YOUR OBJECTIVE:
Repeat all the lines below exactly, but omit the pictures.

RECORDED DATA:
....................
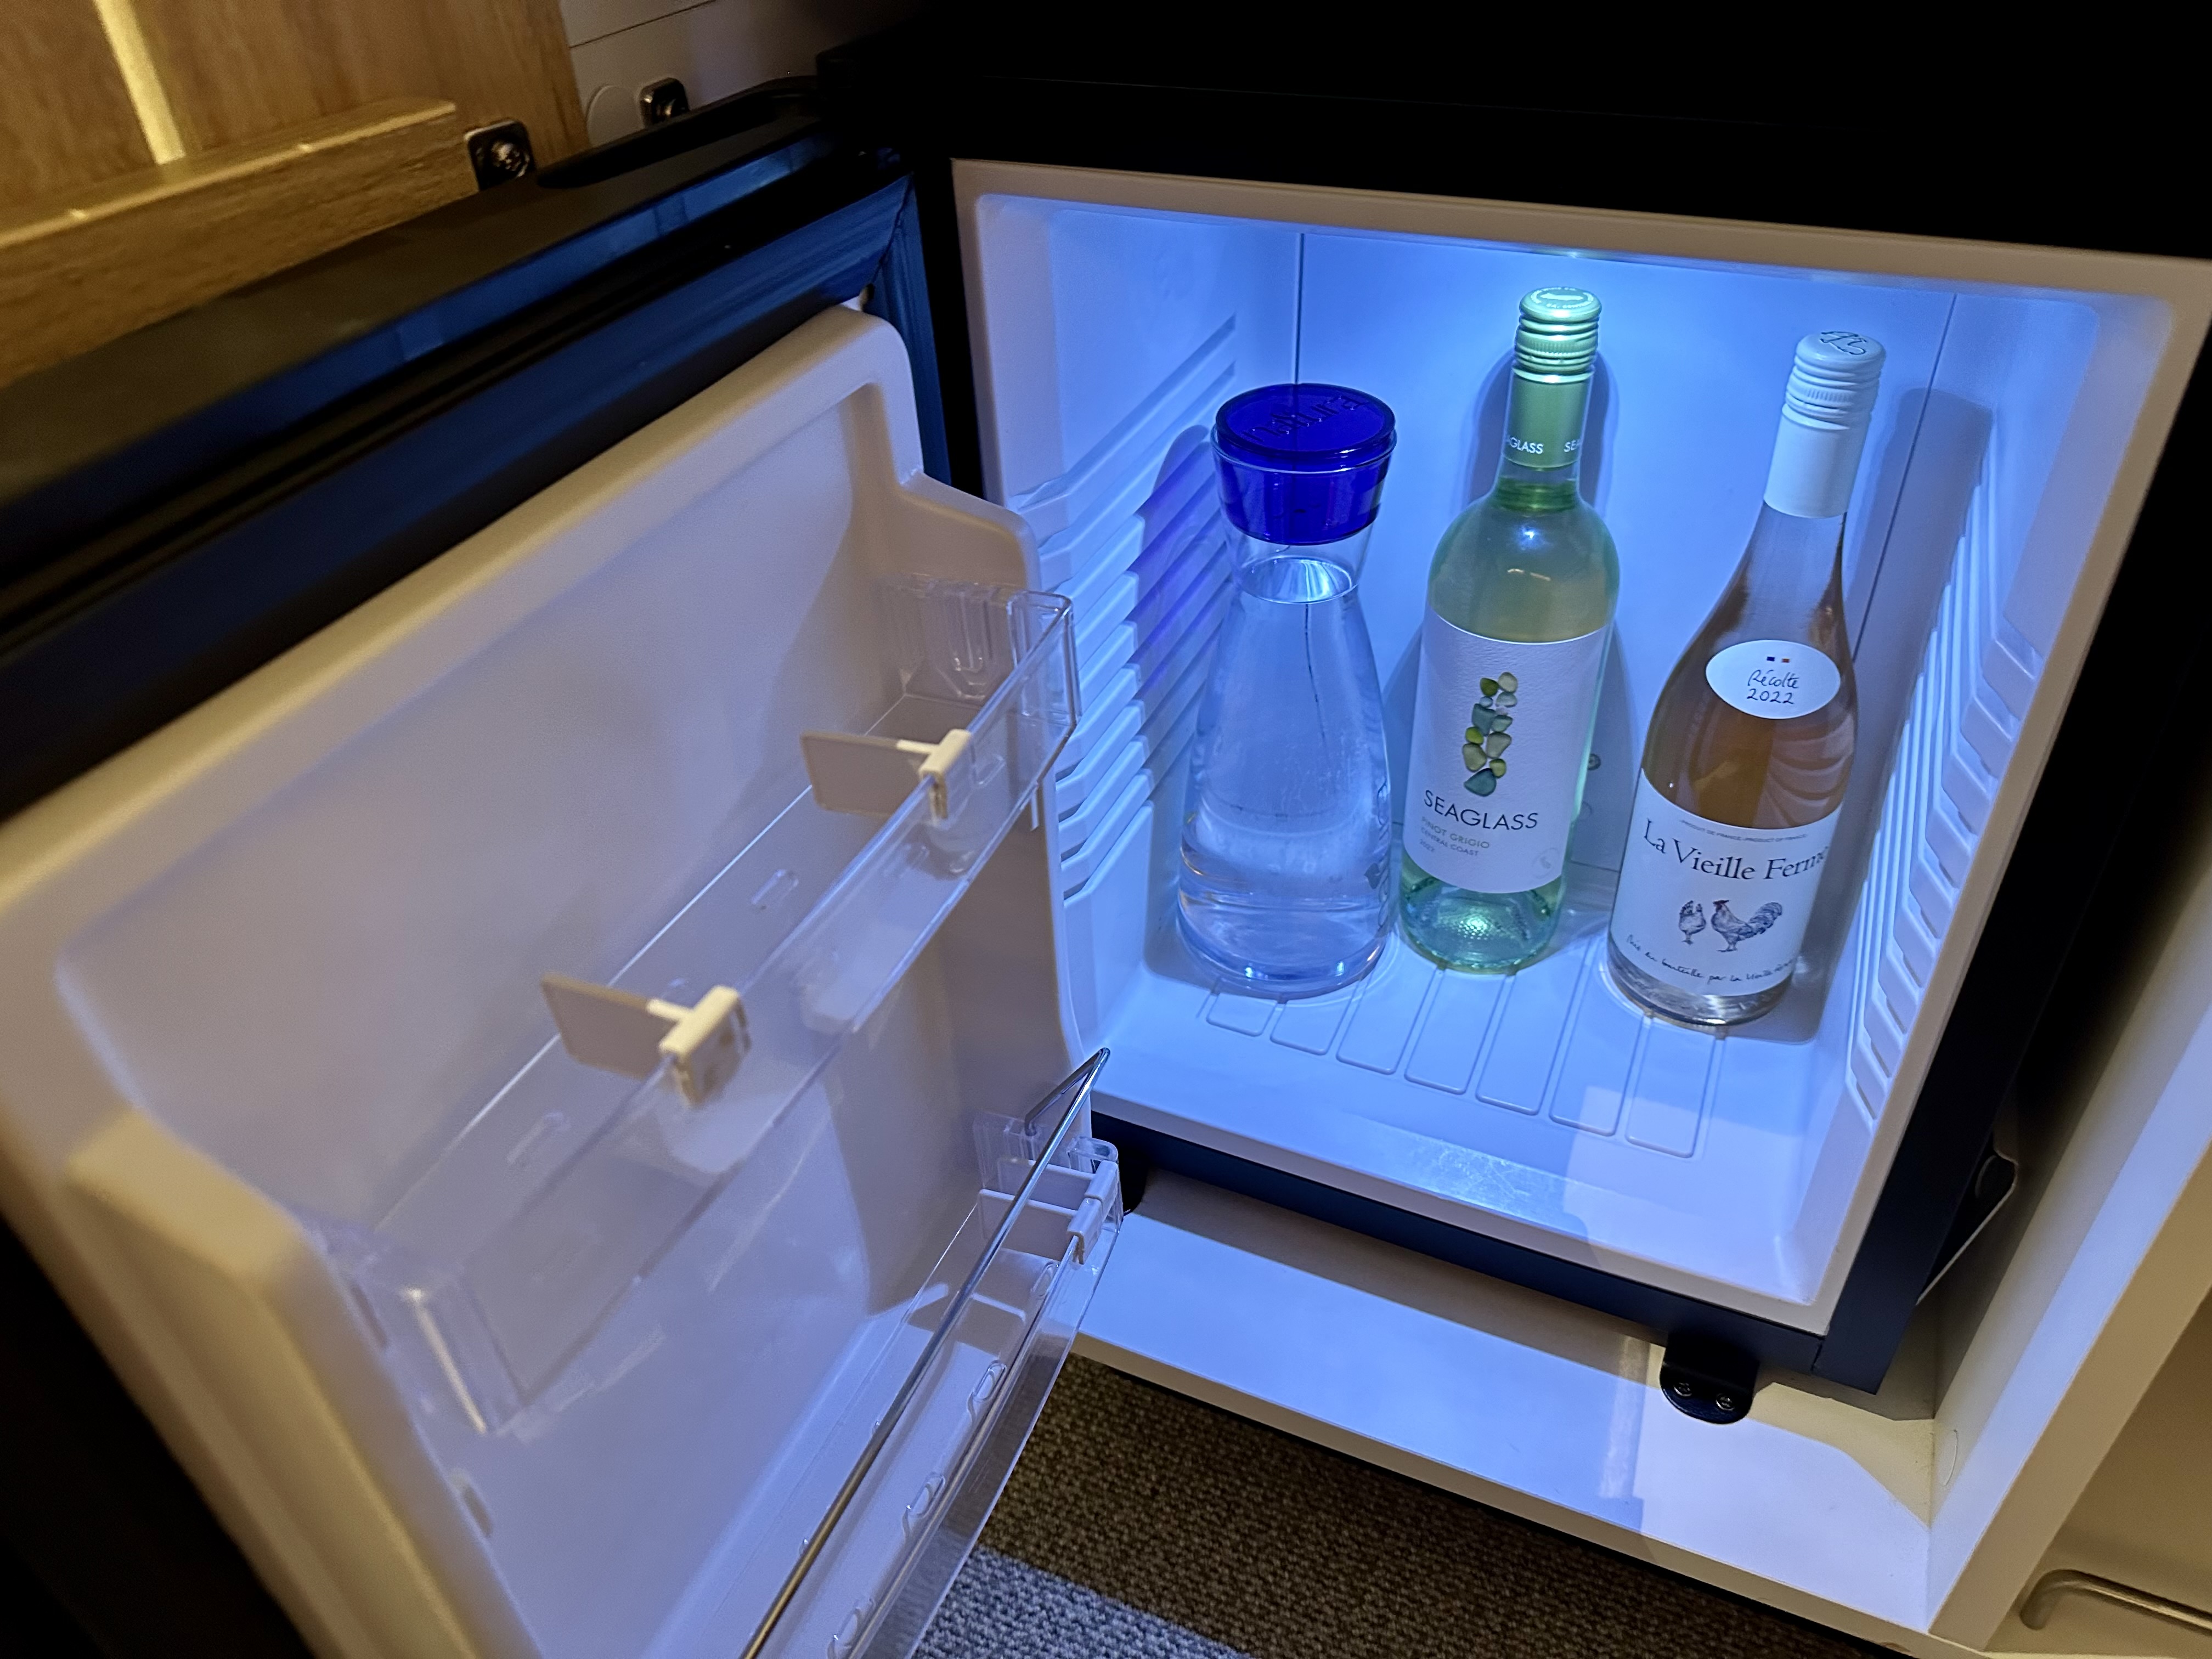 a mini fridge with bottles of wine inside
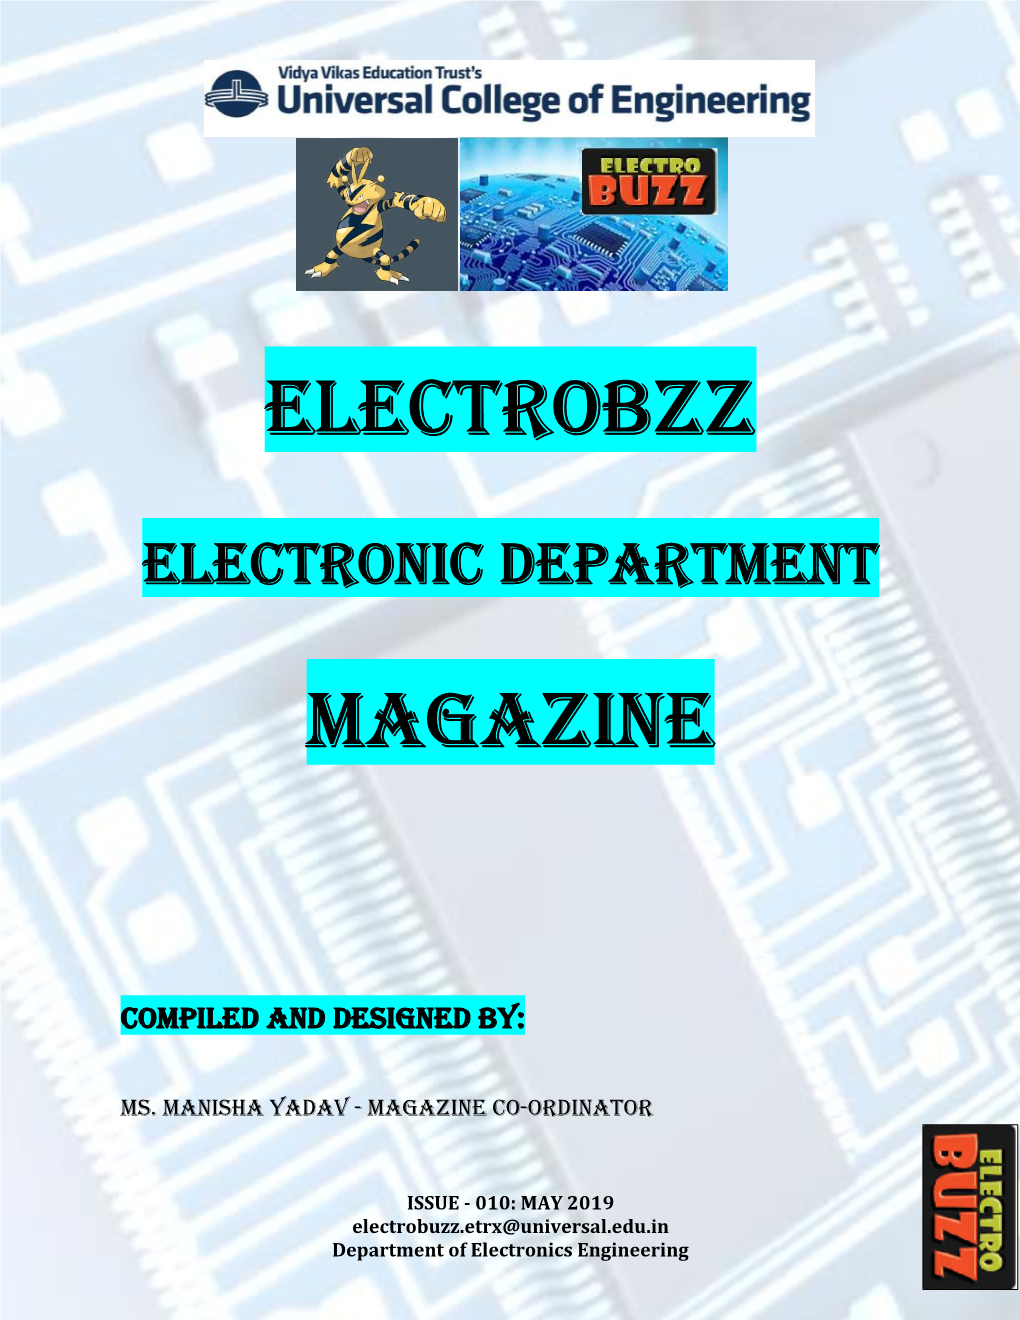 Electrobzz Magazine
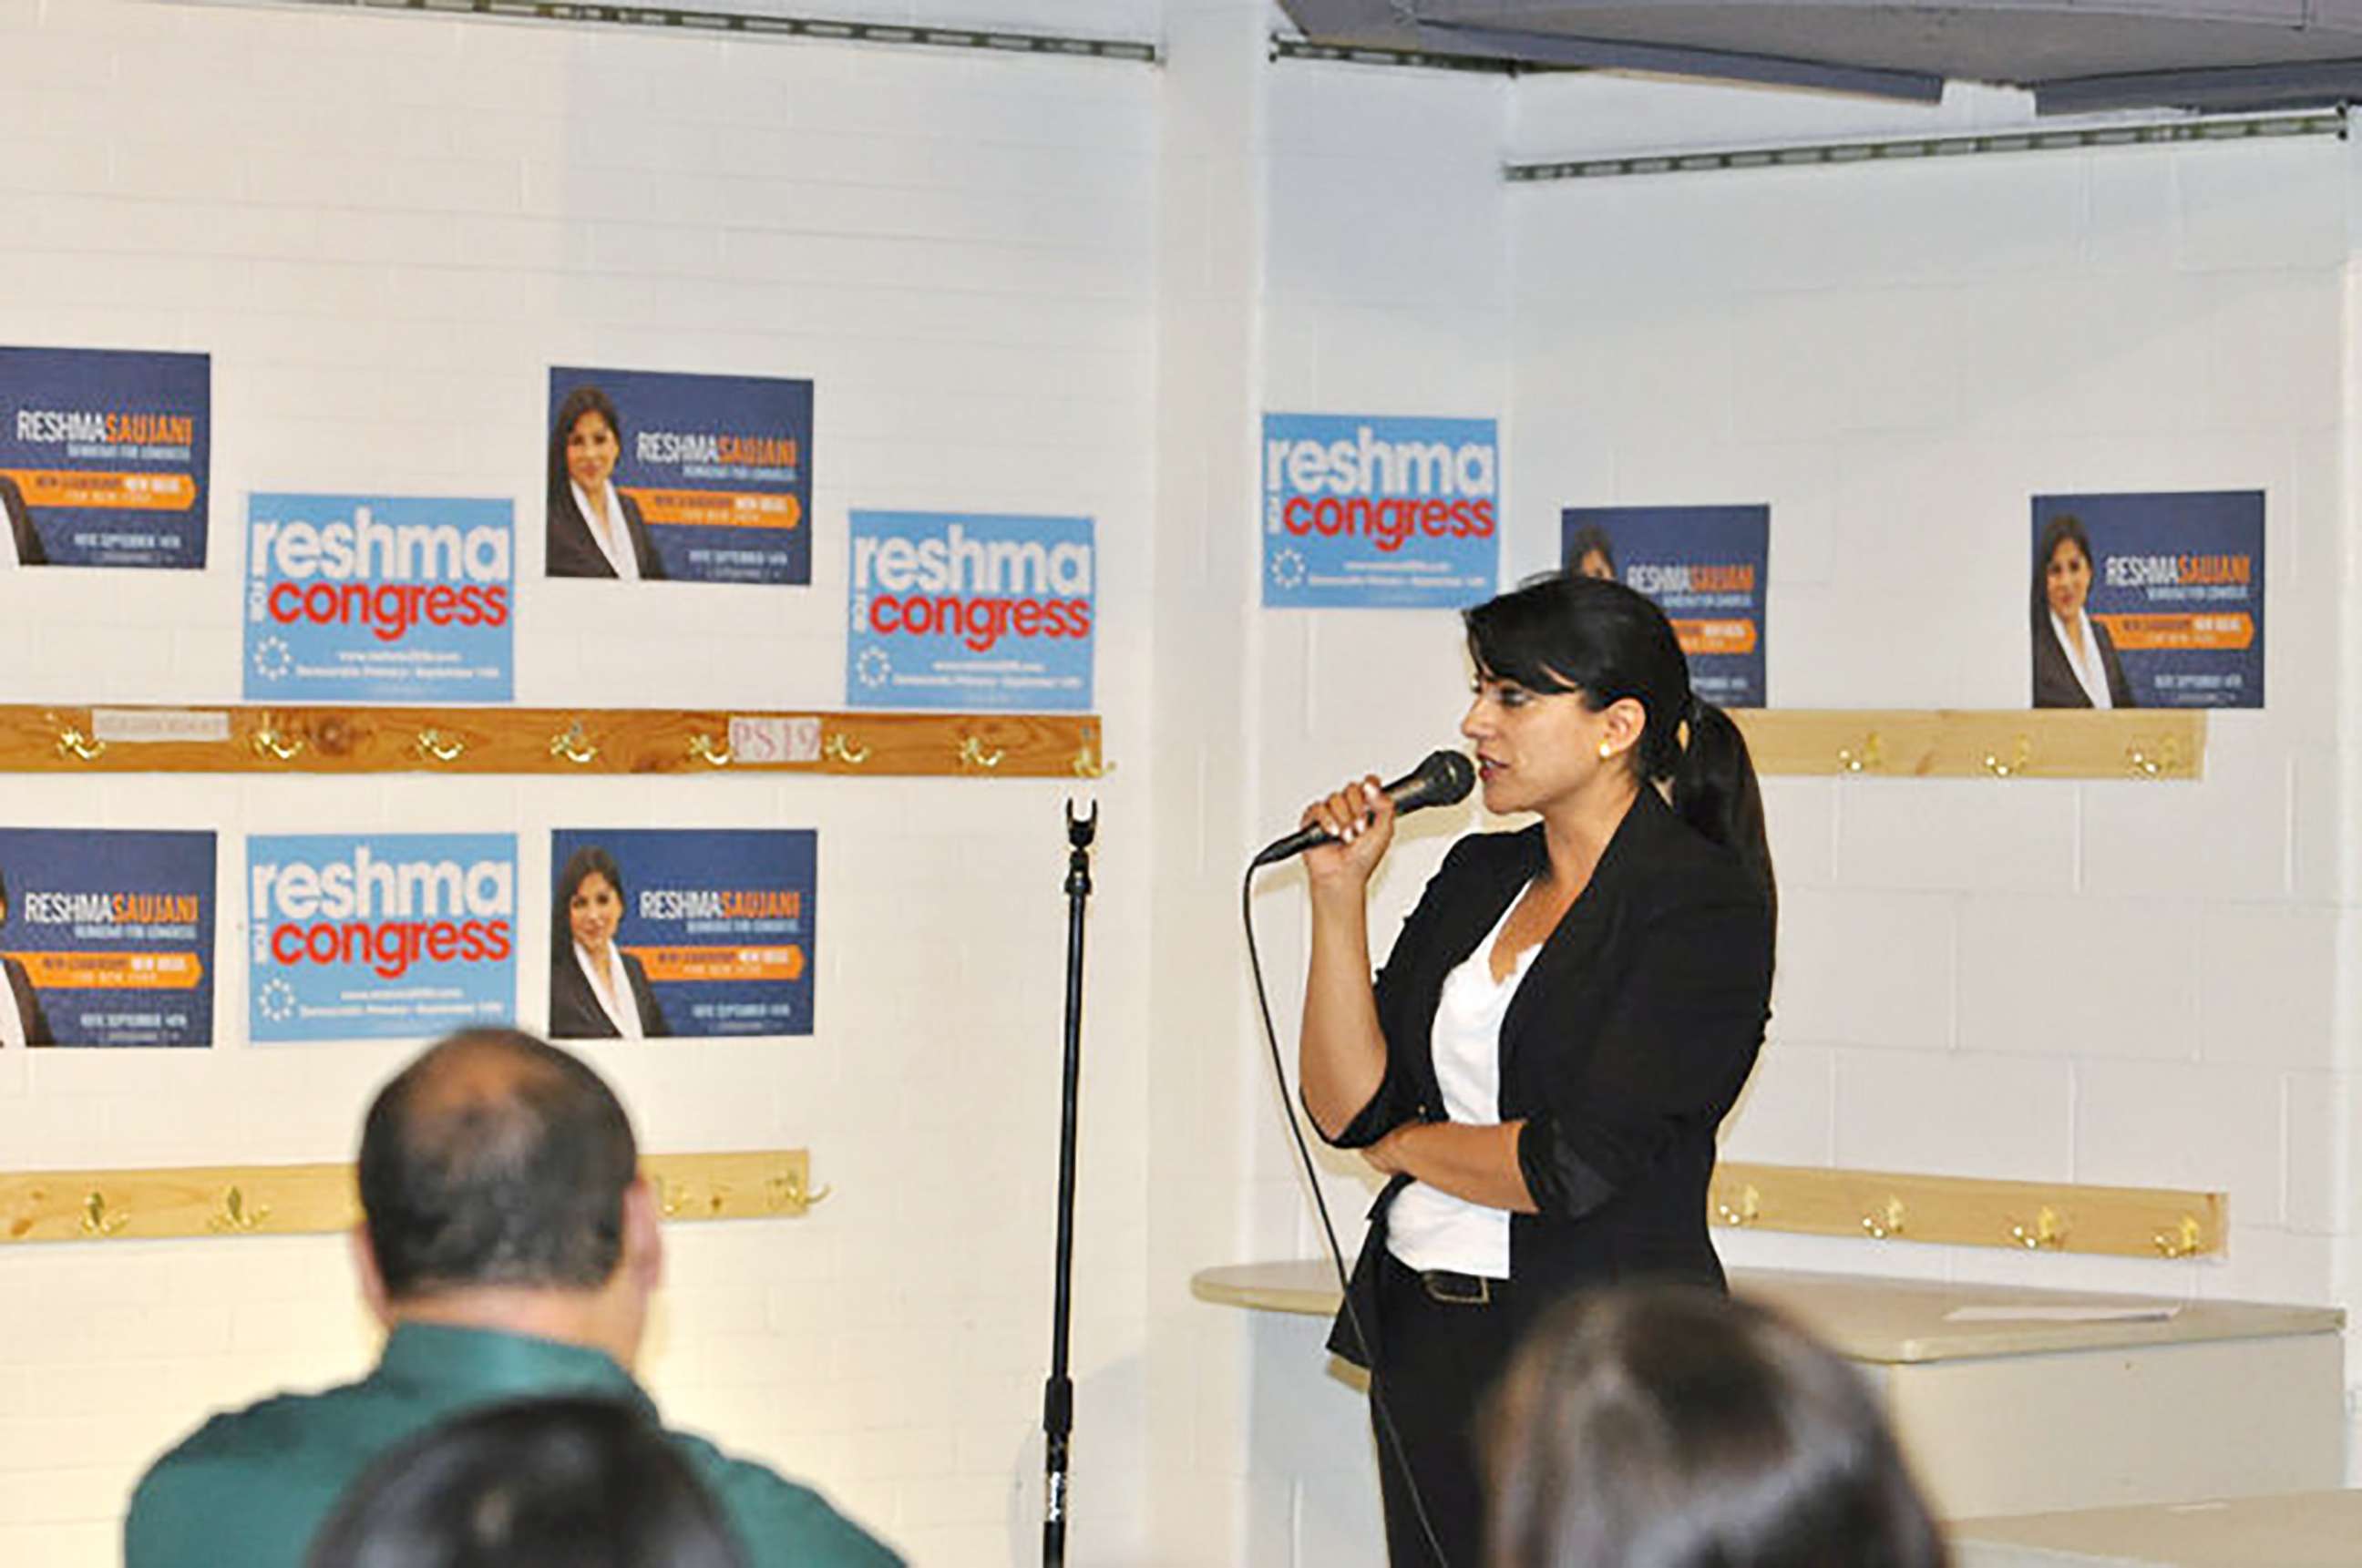 PHOTO: In 2010, Reshma Saujani ran for U.S. Congress, but lost the race.
....................
RESPONSE BELOW:
 a mini fridge with bottles of wine inside
 Electrobzz Magazine
 PHOTO: In 2010, Reshma Saujani ran for U.S. Congress, but lost the race.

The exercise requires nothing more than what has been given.